The Tree-3 architecture consists of M = 16 branches. The first layer of each branch consists of K filters (6 or 15) (5 × 5) for each of the three RGB channels. Each channel is convinced with its own set of K filters, resulting in different 3 × k filters. Convolutional layer filters are the same for all branches M. The first layer ends with a maximum pool composed of non -riding squares (2 × 2). Consequently, there are (14 × 14) output units for each filter. The second layer consists of a tree-shaped sampling (non-picking) (2 × 2 × 7 units) of K filters for each RVB color in each branch, resulting in 21 output signals (7 × 3) for each branch. The third layer completely connects the outputs of the 21 × m branches of the 2 to 10 layer output modules. The reread activation function is used for online learning, while Sigmoïd is used for offline learning.

In Figure 1 (D), the dotted black line marks the diagram of an itinerary connecting the updated weight to the first layer, as illustrated in Figure 1 (C), during the error retropropagation technique to the output device.

To resolve the classification task, the researchers applied the cost of entropy and used the stochastic gradient algorithm to minimize it. To refine the model, optimal hyperparammeters such as the learning rate, the momentum constant and the weight disintegration coefficient were found. To assess the model, several validation data sets composed of 10,000 random examples, similar to the test of test data, have been used. The average results have been calculated, given the standard deviation from average success measures. The Nesterov method and L2 regularization were applied in the study.

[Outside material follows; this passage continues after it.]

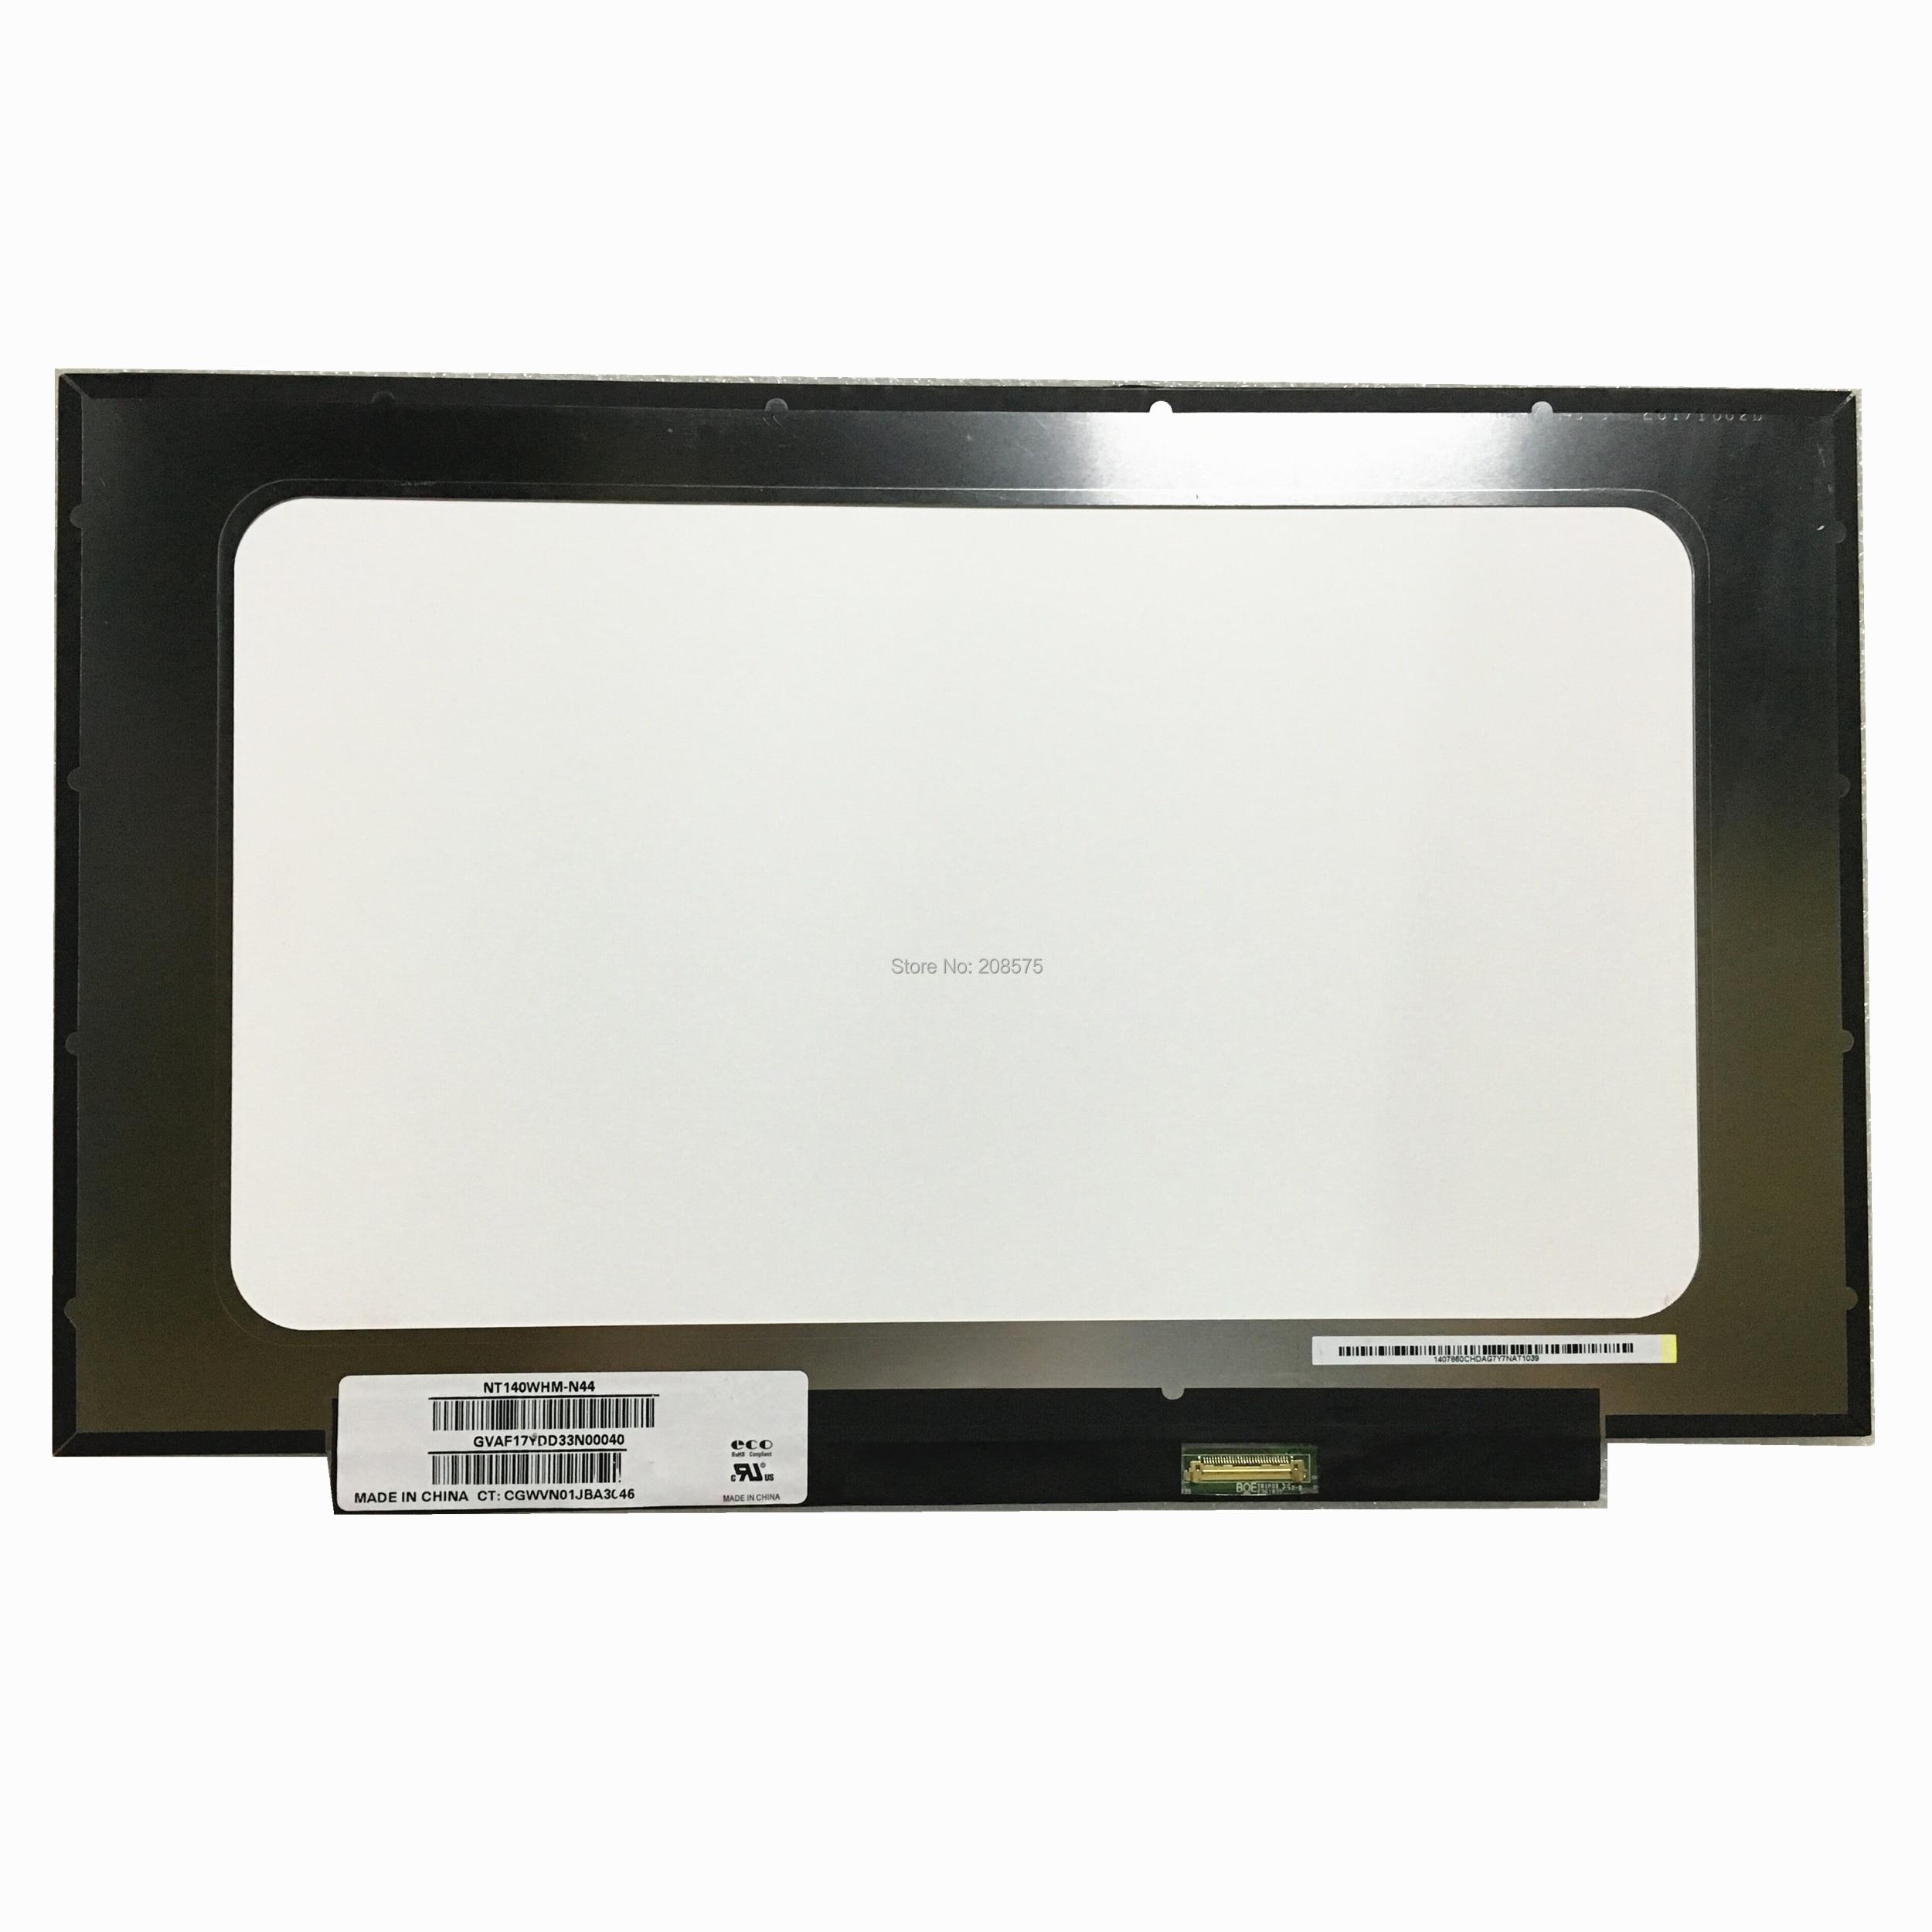 Freeing shipping NT140WHM-N44 NT140WHM N44 NT140WHM-N43 For HP 14-cf0006nx Laptop Lcd Screen 1366*768 EDP 30 pinsFreeing shipping NT140WHM-N44 NT140WHM N44 NT140WHM-N43 For HP 14-cf0006nx Laptop Lcd Screen 1366*768 EDP 30 pins

Hyperparammeters for offline learning, including η (learning rate), μ (motion constant) and α (L2 regularization), were optimized during offline learning, which involved 200 eras. The hyperparammeters for online learning have been optimized using three sizes of different data.

Following the experience, an effective approach to the formation of an architecture in the shape of a tree, where each weight is connected to the unit out by a single road, has been demonstrated. This approximation of biological learning and the capacity to use learning in depth with very simplified dendritic trees of one or more neurons. It is important to note that the addition of a convolutional layer to the entry helps to preserve the tree -shaped structure and improve success compared to architectures without convolution.

Although the lenet-5 calculation complexity is significantly higher than that of the Tree-3 architecture with comparable success rates, its effective implementation requires new materials. It is also provided that the formation of architecture in the shape of a tree will minimize the probability of gradient explosions, which is one of the main challenges of in -depth learning. The introduction of parallel branches instead of the second convolutional layer in Lenet-5 has improved success measurements while maintaining the shaft-shaped structure. A more in-depth survey is justified to explore the potential of large-scale tree architectures, with an increased number of branches and filters, to compete with contemporary CIFAR-10 success rates. This experience, using Lenet-5 as a starting point, underlines the potential advantages of dendritic learning and its calculation capacities.

Leave a Comment

This site uses Akismet to reduce spam. Learn how your comment data is processed.